### Work required
Once you find the line with "Business purchase agreement India 1" in the entries below, print it and each line after it up to and including the line with "This easy Halloween", exactly, without pictures.

### Record excerpts
▬▬▬▬▬▬
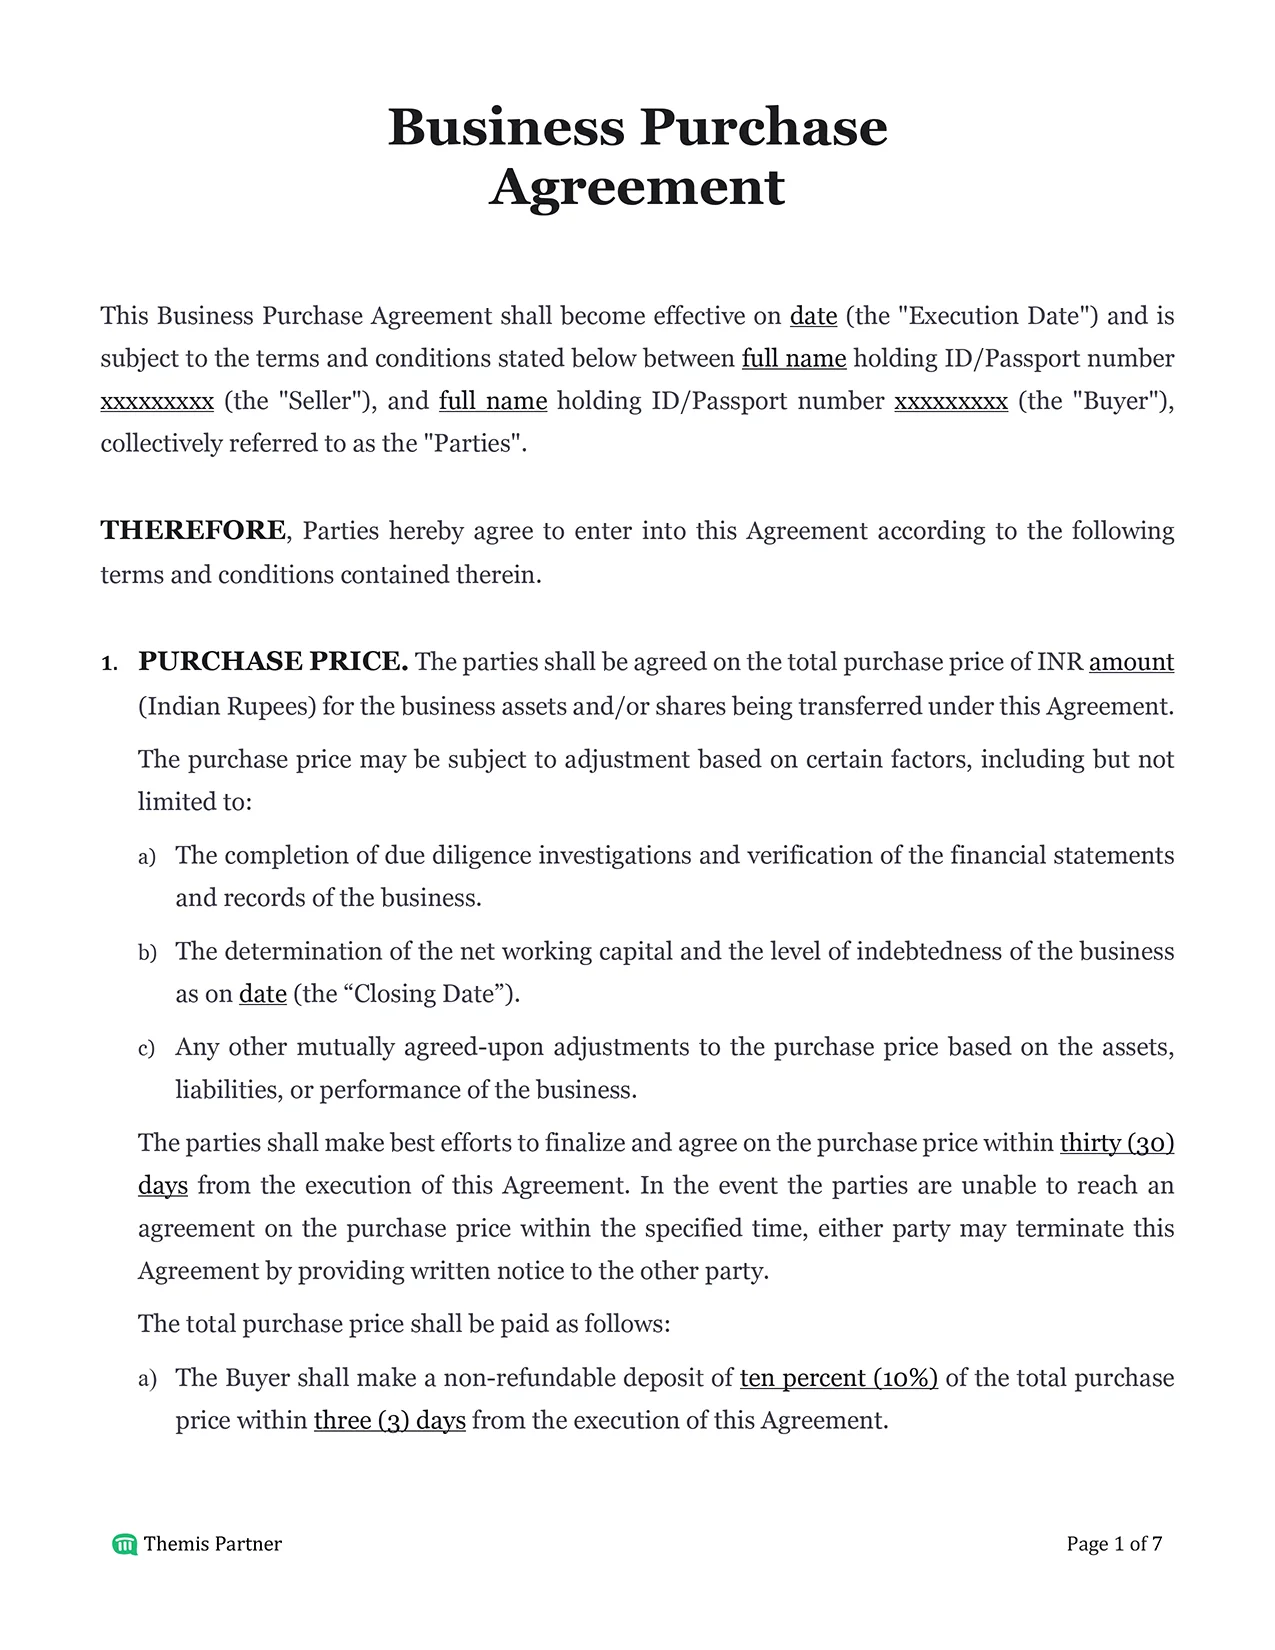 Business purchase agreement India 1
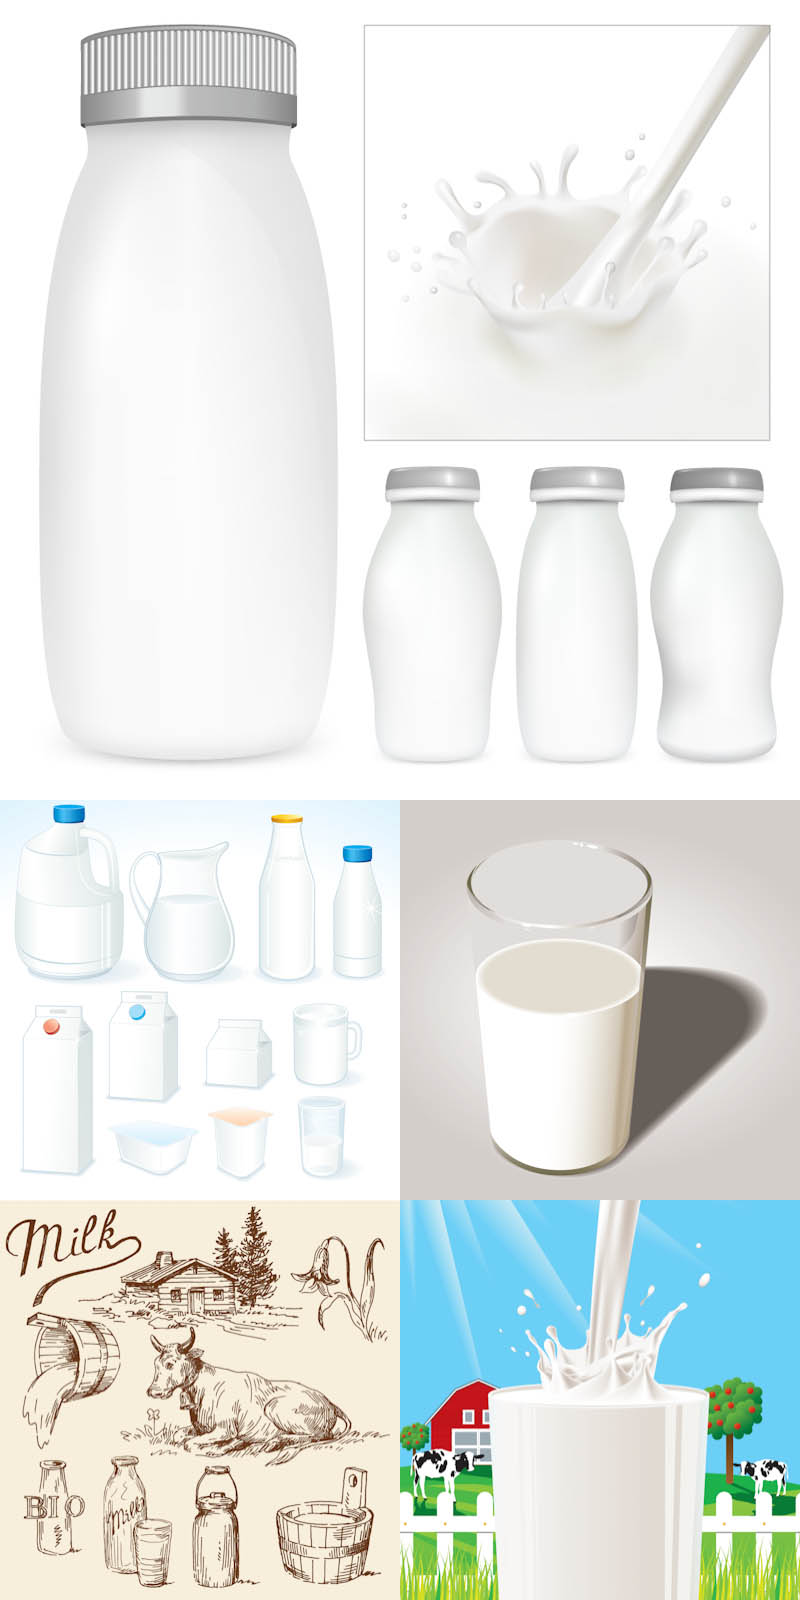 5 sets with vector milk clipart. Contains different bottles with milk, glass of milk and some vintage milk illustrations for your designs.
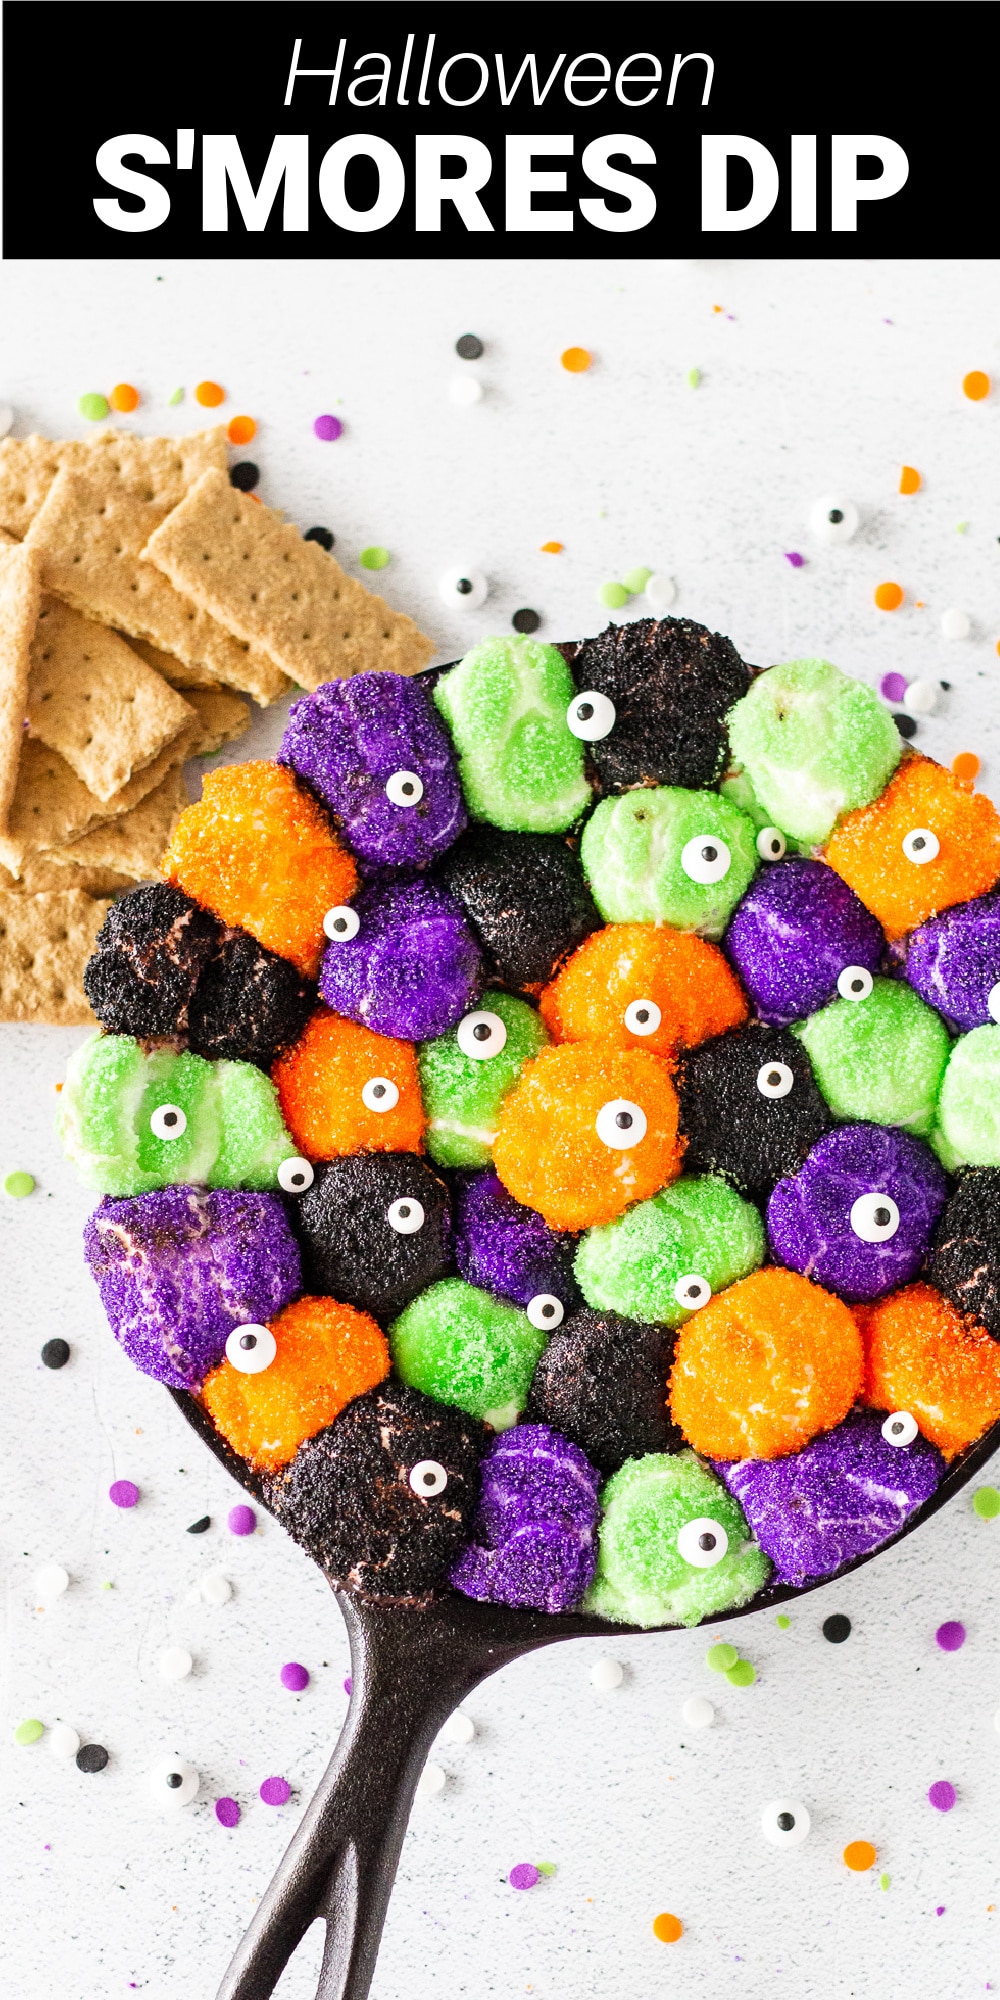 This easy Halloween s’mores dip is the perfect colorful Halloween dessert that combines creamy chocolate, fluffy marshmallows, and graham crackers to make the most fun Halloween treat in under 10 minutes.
▬▬▬▬▬▬
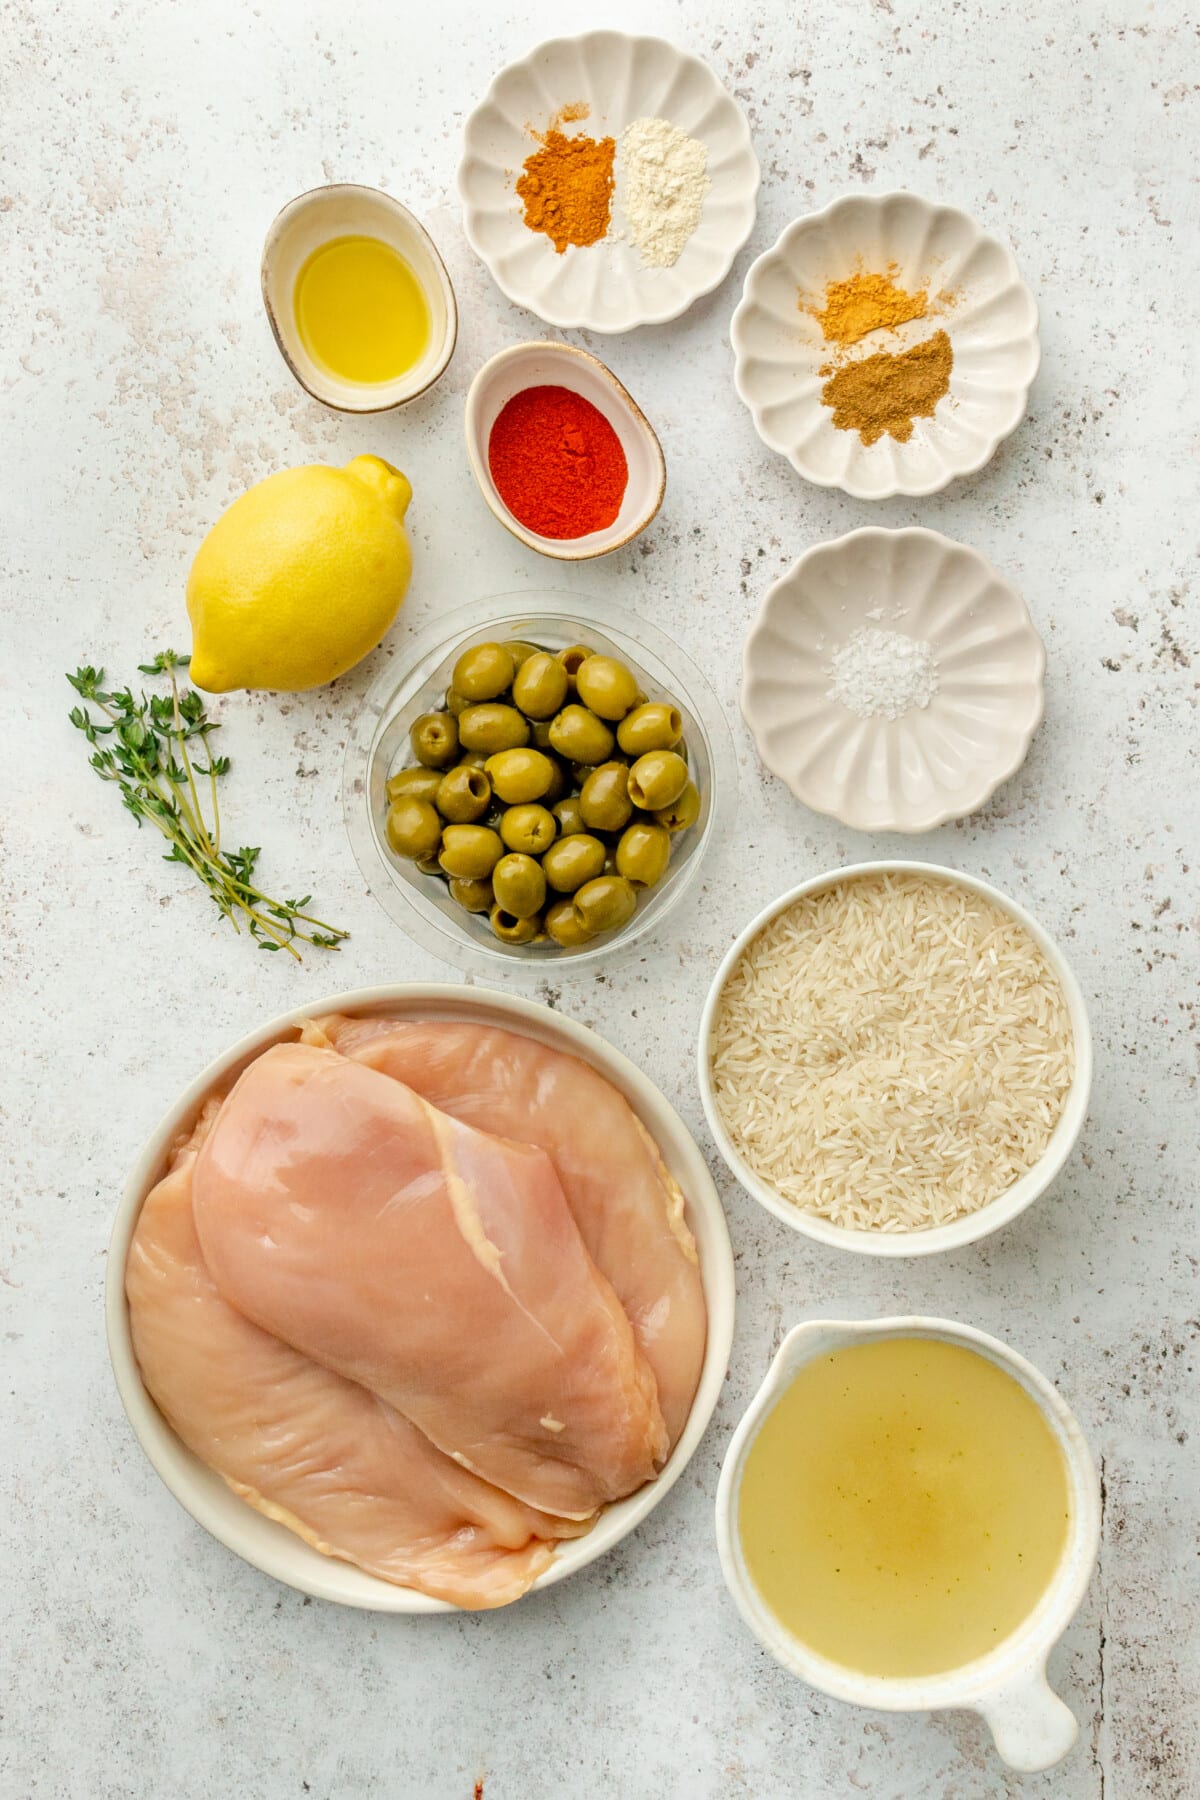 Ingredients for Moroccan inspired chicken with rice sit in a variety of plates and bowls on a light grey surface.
▬▬▬▬▬▬
### Task answer
 Business purchase agreement India 1
 5 sets with vector milk clipart. Contains different bottles with milk, glass of milk and some vintage milk illustrations for your designs.
 This easy Halloween s’mores dip is the perfect colorful Halloween dessert that combines creamy chocolate, fluffy marshmallows, and graham crackers to make the most fun Halloween treat in under 10 minutes.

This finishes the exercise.